*PROBLEM DESCRIPTION:* Apart from the pictures, print the data below exactly as given.

*DATASET CONTENT:*
_ _ _ _
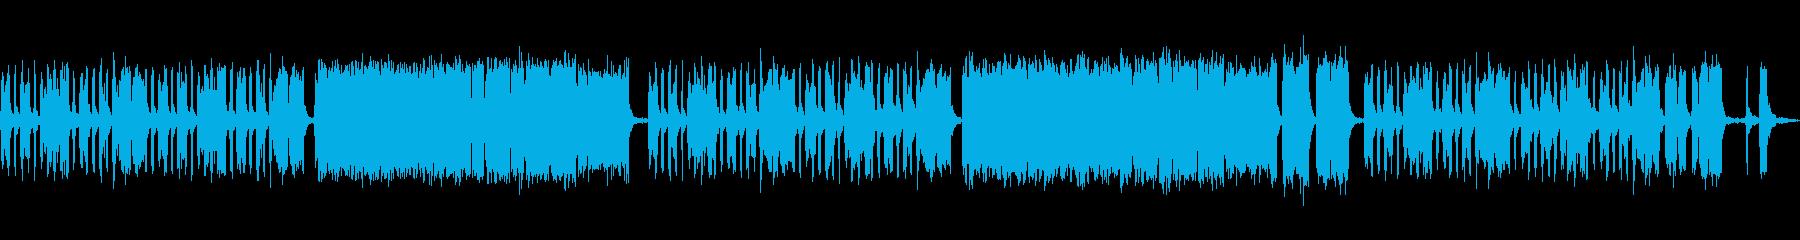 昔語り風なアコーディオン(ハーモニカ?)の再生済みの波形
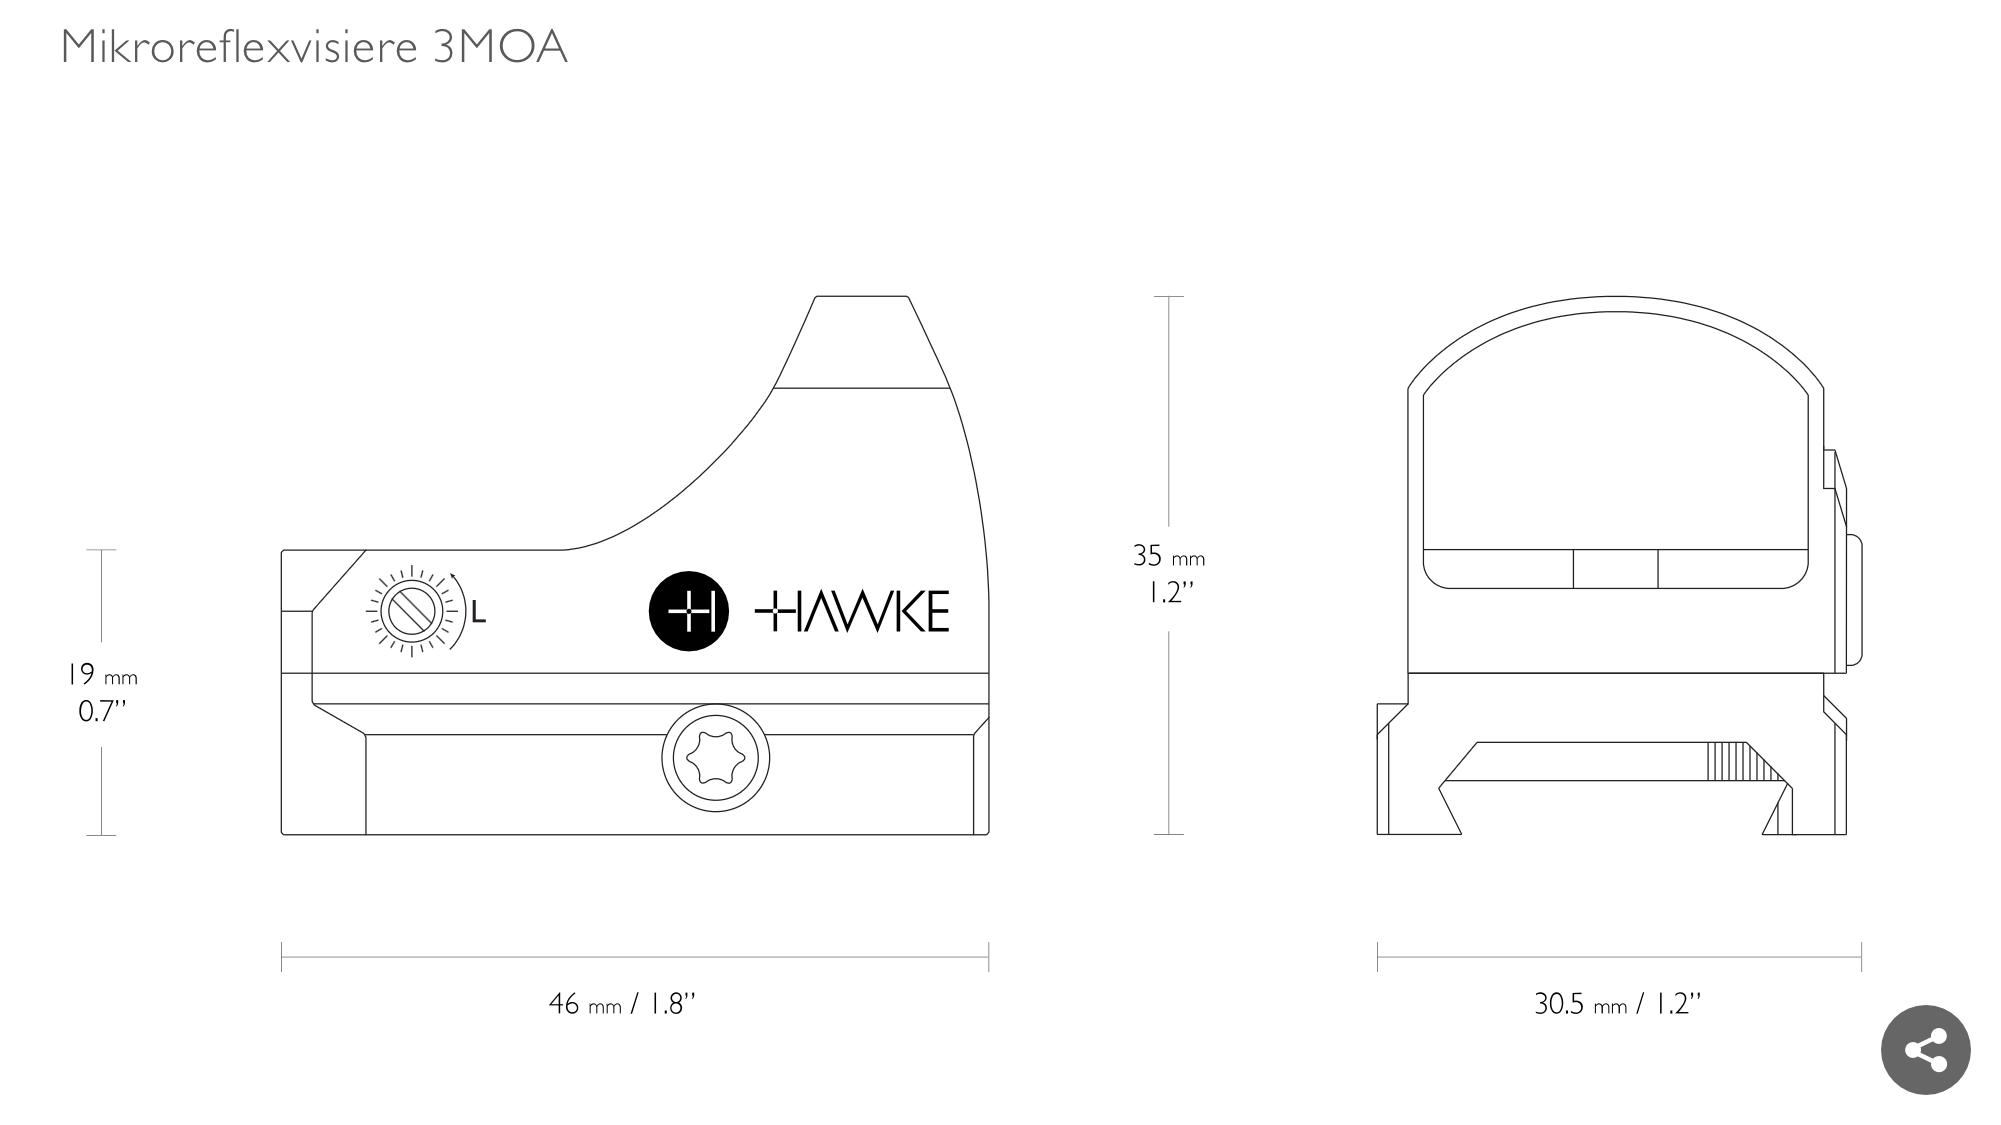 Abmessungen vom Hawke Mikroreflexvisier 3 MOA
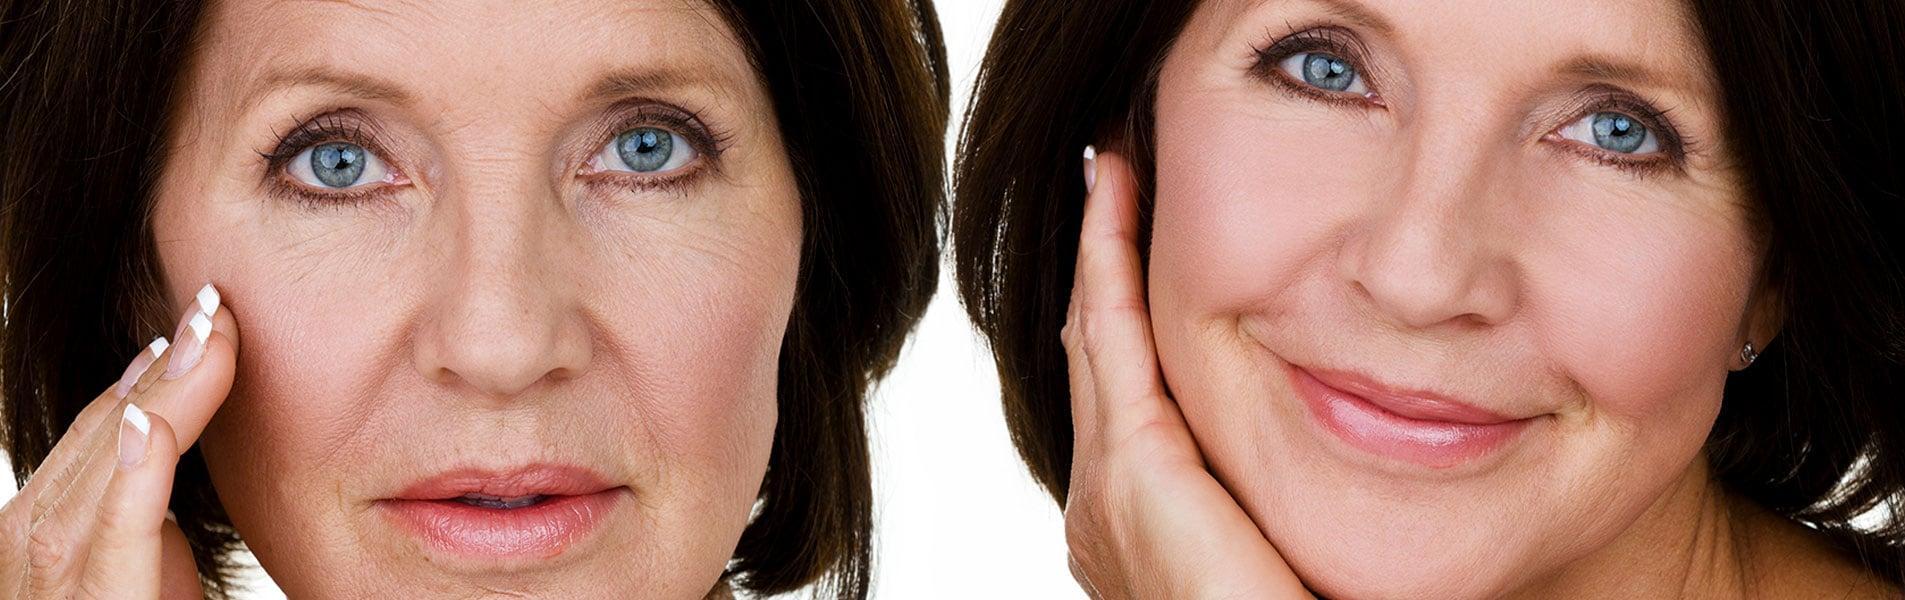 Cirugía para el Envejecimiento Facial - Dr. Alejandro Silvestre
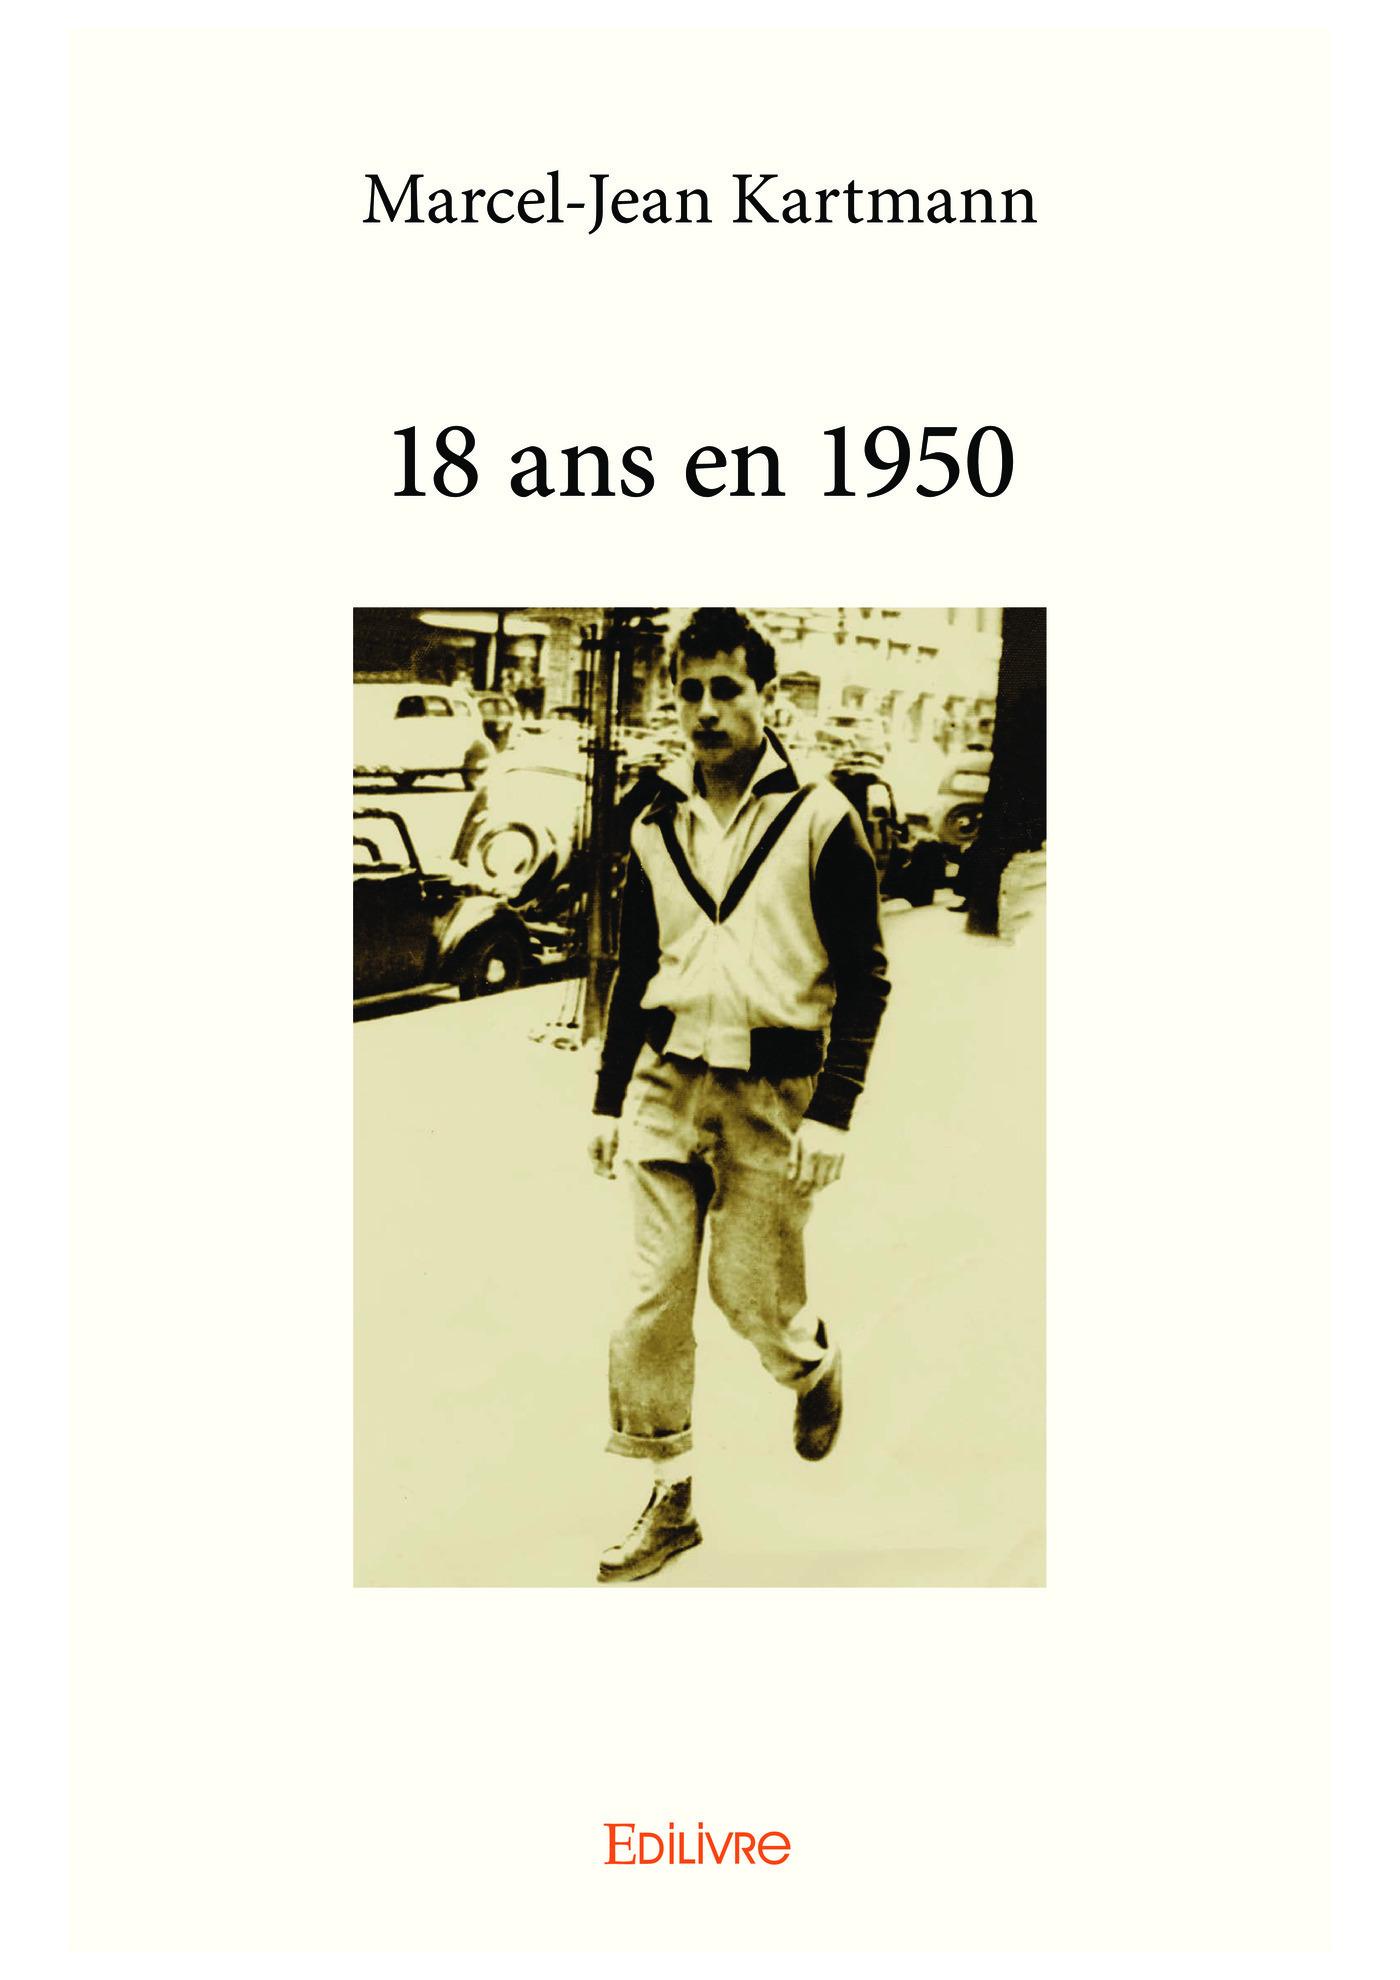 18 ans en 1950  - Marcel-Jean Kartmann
_ _ _ _
*PROBLEM SOLUTION:*
 昔語り風なアコーディオン(ハーモニカ?)の再生済みの波形
 Abmessungen vom Hawke Mikroreflexvisier 3 MOA
 Cirugía para el Envejecimiento Facial - Dr. Alejandro Silvestre
 18 ans en 1950  - Marcel-Jean Kartmann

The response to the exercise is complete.